This article was first published in Maria Shriver’s Sunday Paper
Holiday traditions have always made my heart beat a little faster—not with excitement, but with stress. Growing up as the seventh of eight children, I spent every December struggling to find gifts and make treats for everyone in the family. Things got easier when I started my own small, nuclear family. But our numbers are growing, and in recent years I’d begun to feel a touch of the old anxiety. Still, I was a bit shocked when someone suggested that we switch up our traditions by assigning each family member to buy a gift for just one other person.
My initial reaction was fear that this would disappoint my children. Then I noticed that while I was doing something else my children have all become grown-ass adults. They love the new stress-less gift idea. Everyone seems more cheerful since we opted for it. So where I used to think of family traditions as inviolable, I’m coming to see that things go better when we’re willing to change things up.
The word “tradition” comes from a Latin root that means both “to deliver or hand down,” and “to surrender or give up.” There’s wisdom in this double message. Especially during this ritual-packed time of year, some of us blindly follow whatever precedents our forebears have set, while others, exhausted and disenchanted, grumble “Bah, humbug” to the whole seasonal celebration. Perhaps a more useful approach is to evaluate our traditions, discerning what works and what doesn’t, handing down everything that seems worth keeping and giving up everything that doesn’t.
I believe the key to this process is watching the whole holiday season from the inside out, rather than the outside in. As we approach any traditional behavior, we can stop, still ourselves, and check inside. Are we doing this out of joy or duty? Is it freighted with relaxation or tension? Does it energize us or exhaust us? It’s not rocket science to see that if a tradition feels awful, repeating it will make the season grimmer, not brighter.
When we notice that a tradition makes us feel weighed down or tense, we can resist the temptation to simply trash the entire thing.
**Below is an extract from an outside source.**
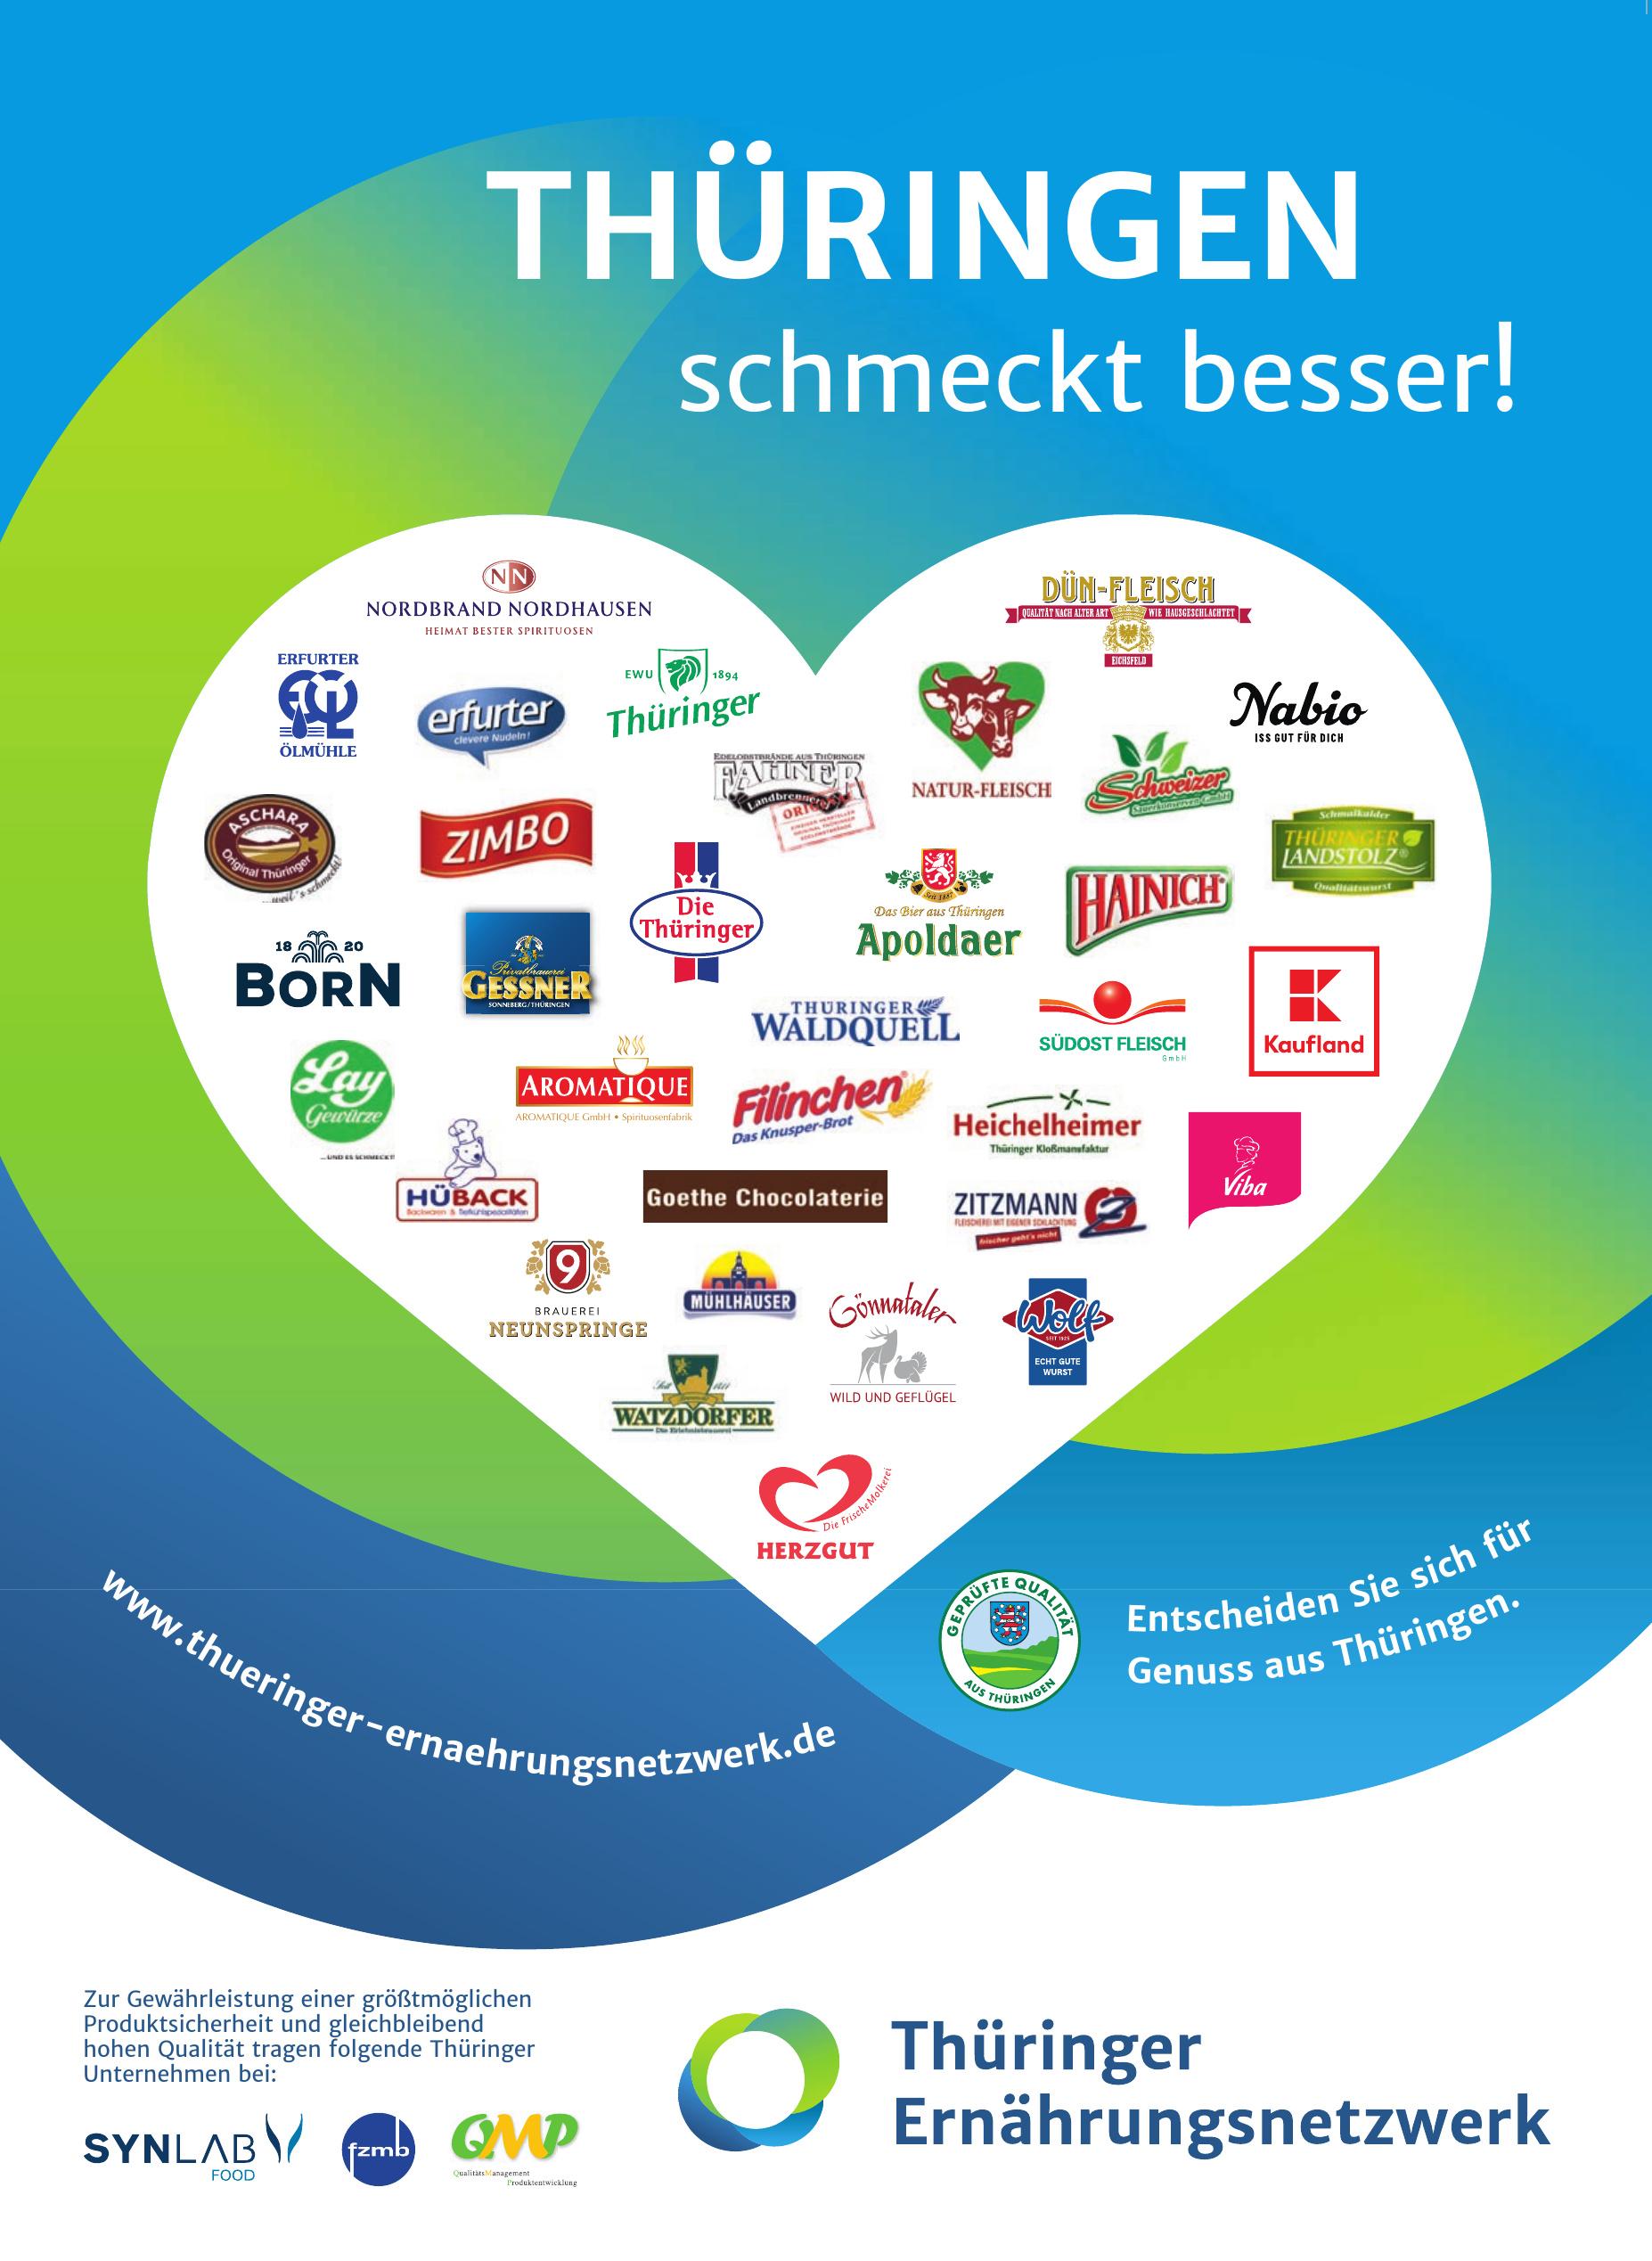 Thüringer Ernährungsnetzwerk e.V.

We can become even more attentive, feeling for parts of the tradition that really do warm our hearts. We can hand down those treasures while letting go of the rest (for example my family didn’t want to stop gift-giving altogether, we just wanted to lighten the burden).
In your case, it may feel good to order traditional foods already prepared, rather than cooking them yourself. Or you might decorate the inside of the windows, rather than risking your life in subzero temperatures to put them on the outside. Maybe you can compile a playlist of holiday songs you love, banning the ones that affect you like fingernails scratching a blackboard. With a bit of contemplation and communication, you and your loved ones can keep the joy and give up the burden of almost any tradition.
My favorite story about modifying traditions comes from Billings, Montana. In the mid-eighties, white supremacists declared this area part of their “Aryan homeland.” By the early 1990s, the city had seen a wave of hate crimes attacking people of color, homosexuals, and especially Jews. In December of 1993, white supremacists threw a cinder block through the bedroom window of a 5-year-old Jewish boy. The window had been decorated with an image of a menorah, the nine-armed candelabra used in the celebration of Chanukah.
Police advised Jewish families to take down their holiday decorations. Talk about “Bah, humbug!” But a few Billings residents had another idea. Churches of all faiths began encouraging children to draw menorahs, which the adults mimeographed and handed out during services. When the first few non-Jewish families put these on their windows, the hate crimes increased. But instead of backing off, thousands of others joined the new tradition, taping up menorahs right next to their manger scenes or Santas. The Billings Gazette published a full-page image of a menorah for everyone to cut out and paste up. Faced by so many people resolutely united to wage peace, the bullies backed down. The hate crimes stopped.
The citizens of Billings realized that the ultimate usefulness of all tradition is to promote love, unity, and compassionate connection. They “surrendered and gave up” part of their ancient customs, “delivered and handed down” an idea that was even more beautiful. The insularity of separate holiday traditions was surrendered, replaced by the new practice of sharing one another’s symbols of light and peace.
Approaching tradition this way turns holiday ritual into an act of continuing benevolent creation. Try it. During the upcoming days and weeks, before you engage in a traditional custom, mull it over. Notice what you truly love about that custom, and see if you can amp that up. Notice anything that feels repetitive or even onerous, and find a way to change it or even eliminate it. Talk about this process with your loved ones. Modify, tweak, and adapt your family customs to bring everyone the greatest possible satisfaction. Let everyone join in both holding on and letting go.
This isn’t blasphemy. It’s the very essence of reverence and respect. It means that the traditions we honor never become robotic imitations of the past. Instead they can be like glorious wrapping paper, enfolding the gifts of joy and delight, making them even more beautiful. Giving down and giving up can both be acts of love. And love, as we all know down deep, is the beating heart of every tradition worth keeping.